Fig. 6.

Phagocytic capacity of intestinal CD8⁺DCs. Intestinal leukocytes were incubated with Crimson Red fluorescent polystyrene beads (1 μm diameter) at a ratio 1:10 (cell/beads) for 16 h and then centrifuged through a 3% BSA 4.5% glucose gradient in order to remove non-ingested beads. Cells were then labelled with anti-CD8α and analyzed by flow cytometry. (A) Representative plots showing gated lymphoid cells (upper panels) and myeloid cell (lower panels) are shown. CD8⁻ and CD8⁺ cells were further selected to analyze the fluorescence of internalized beads (shown in the histograms). The percentage of cells containing beads were determined using control samples without beads to set the positive threshold.
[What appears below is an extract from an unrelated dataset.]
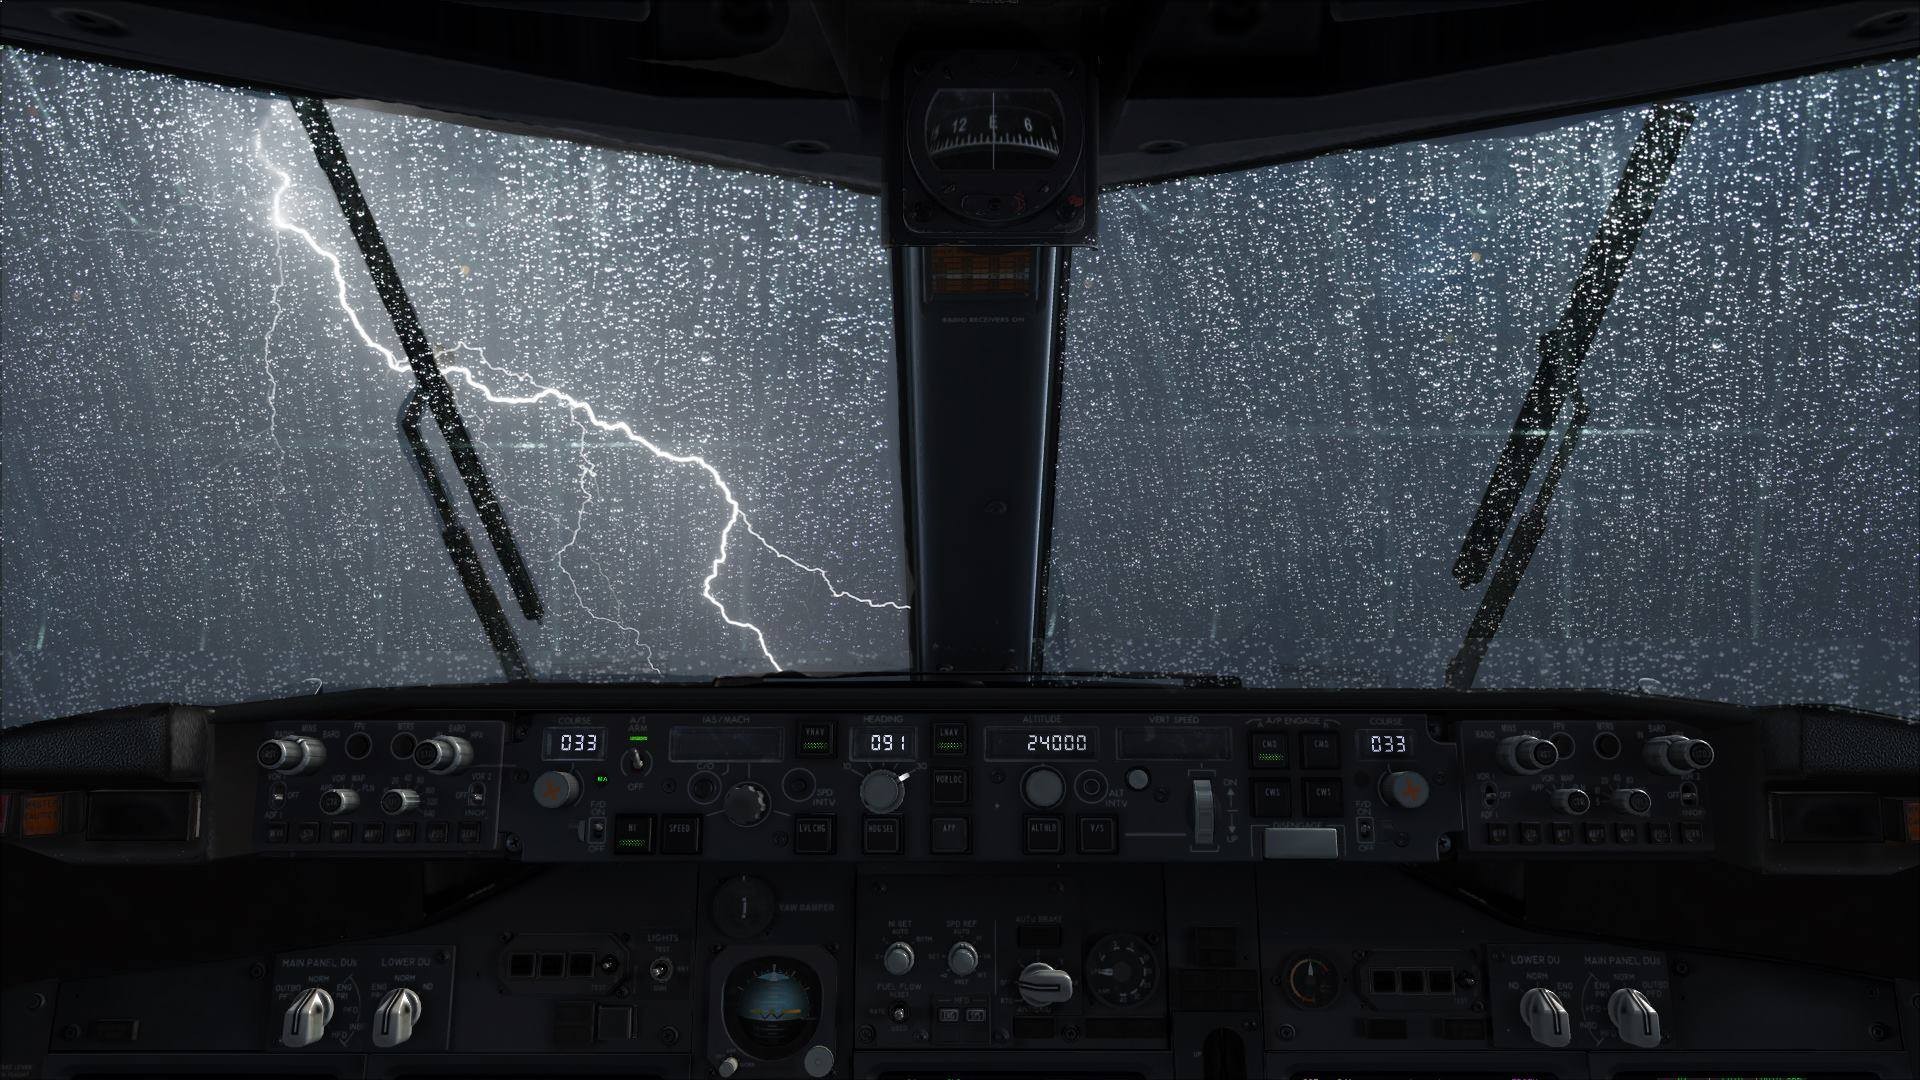 Airplane Lightning Rain Water On Glass Boeing 737 Aircraft Storm 1920x1080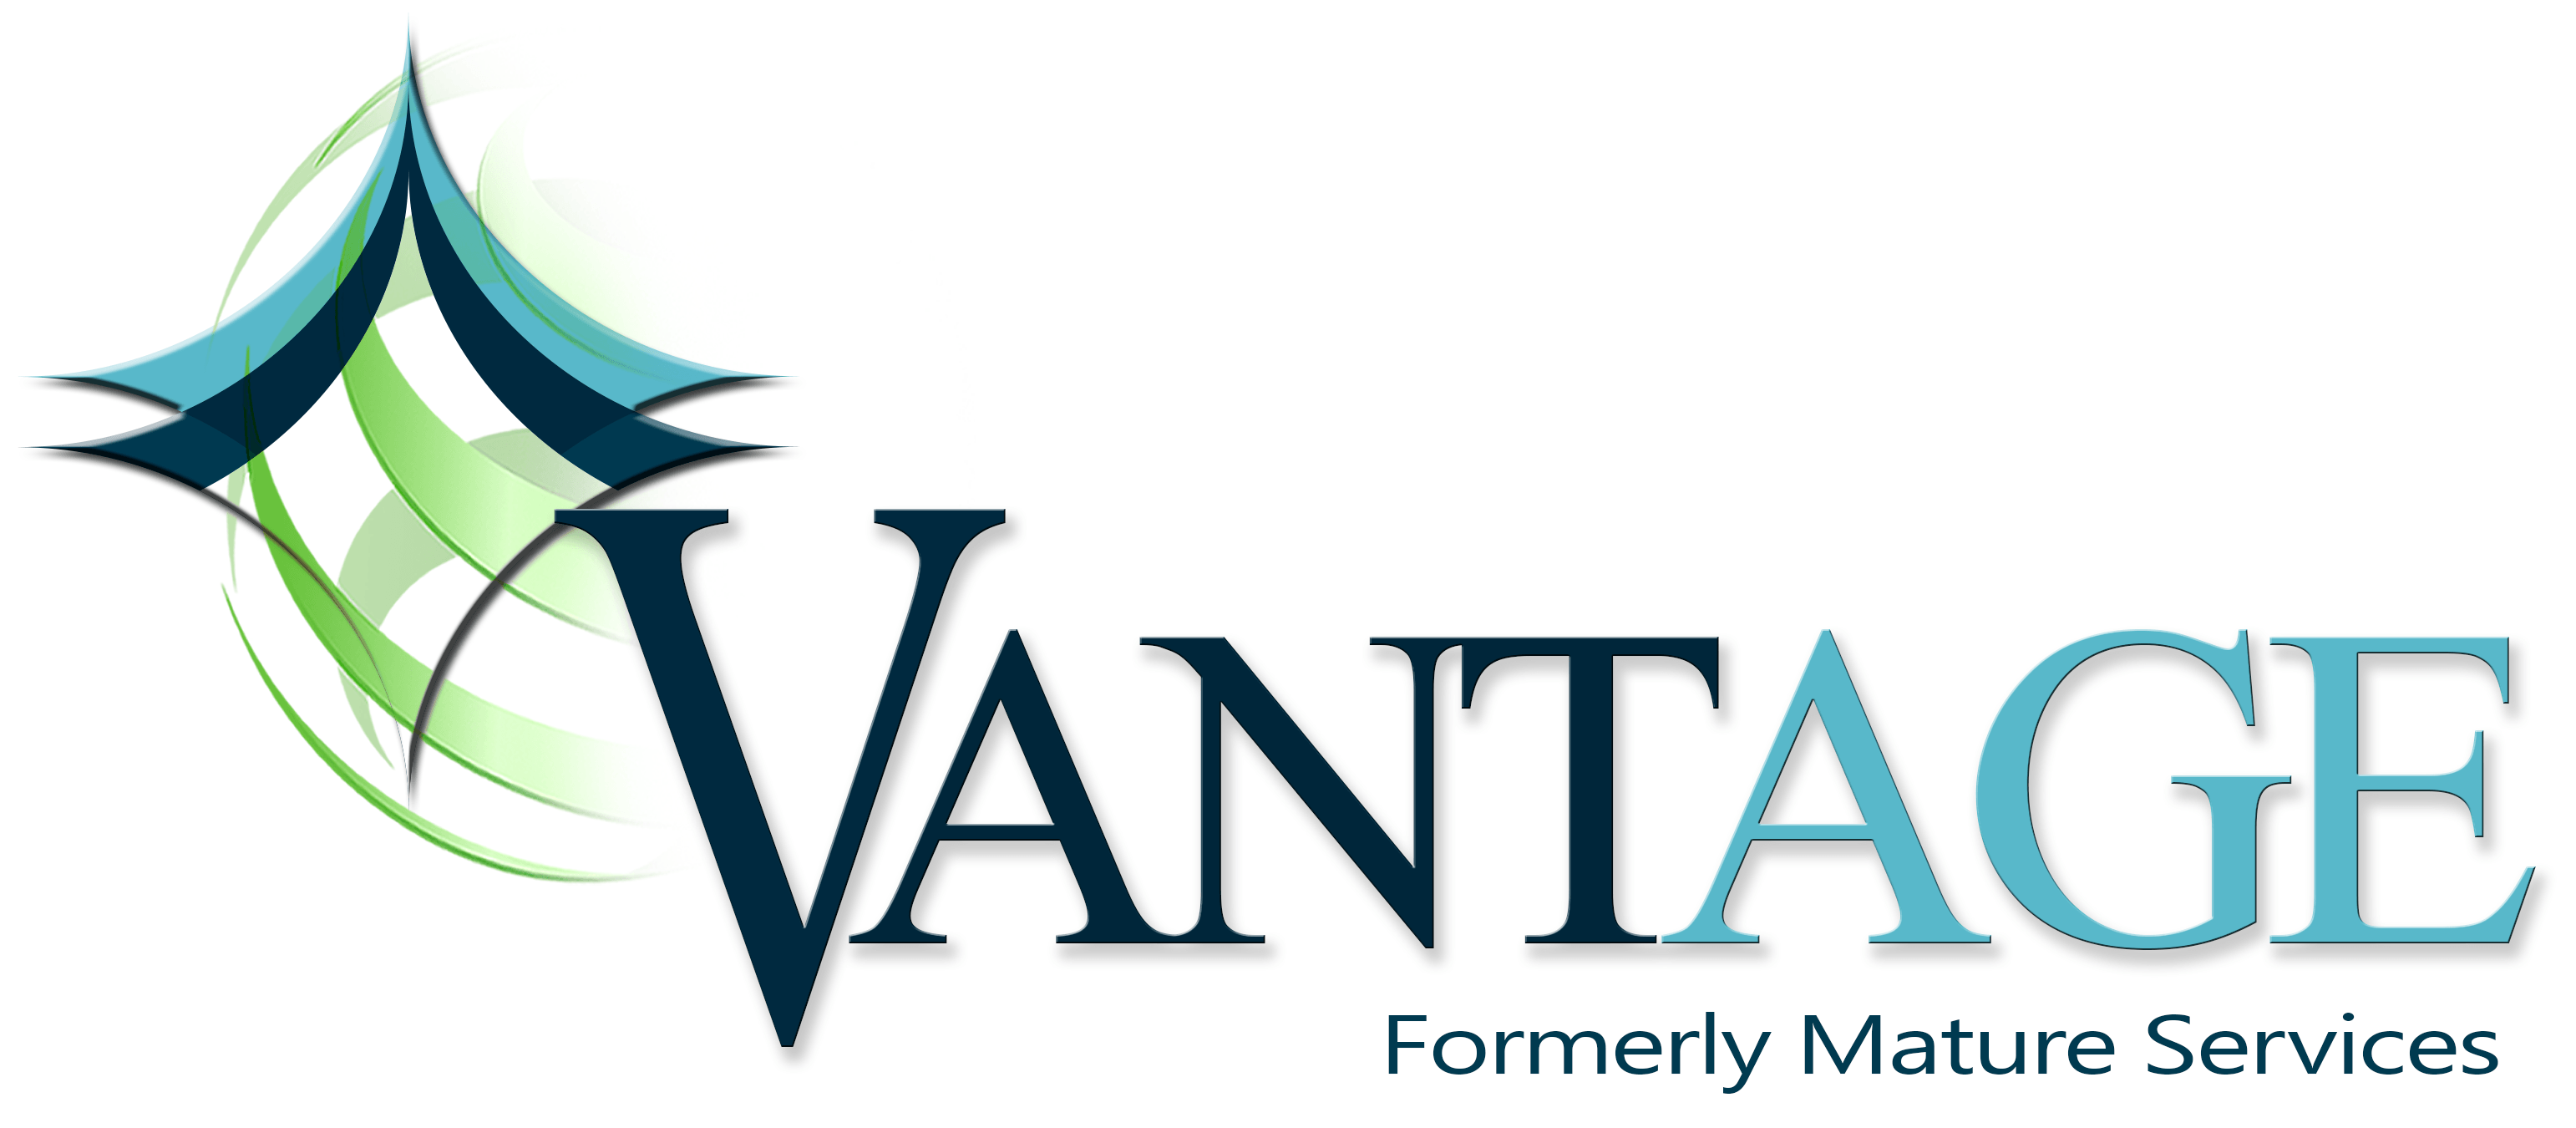 Vantage Logo - Vantage Master Logo Formerly Mature Services 11 21 2017

Mean percentages of phagocytic cells (B) and median fluorescence intensity of the beads (C) in each subpopulation are shown as mean + SD (n = 12). The phagocytic capacity of intestinal CD8⁺ DCs was compared to that of gills CD8⁺ DCs, studying both the percentage of phagocytic cells (D) and MFI of beads (E). (n = 12). Statistical analyses were performed and asterisks denote significant differences between groups as indicated. **p ≤ 0.01, ***p ≤ 0.005. (For interpretation of the references to colour in this figure legend, the reader is referred to the Web version of this article.)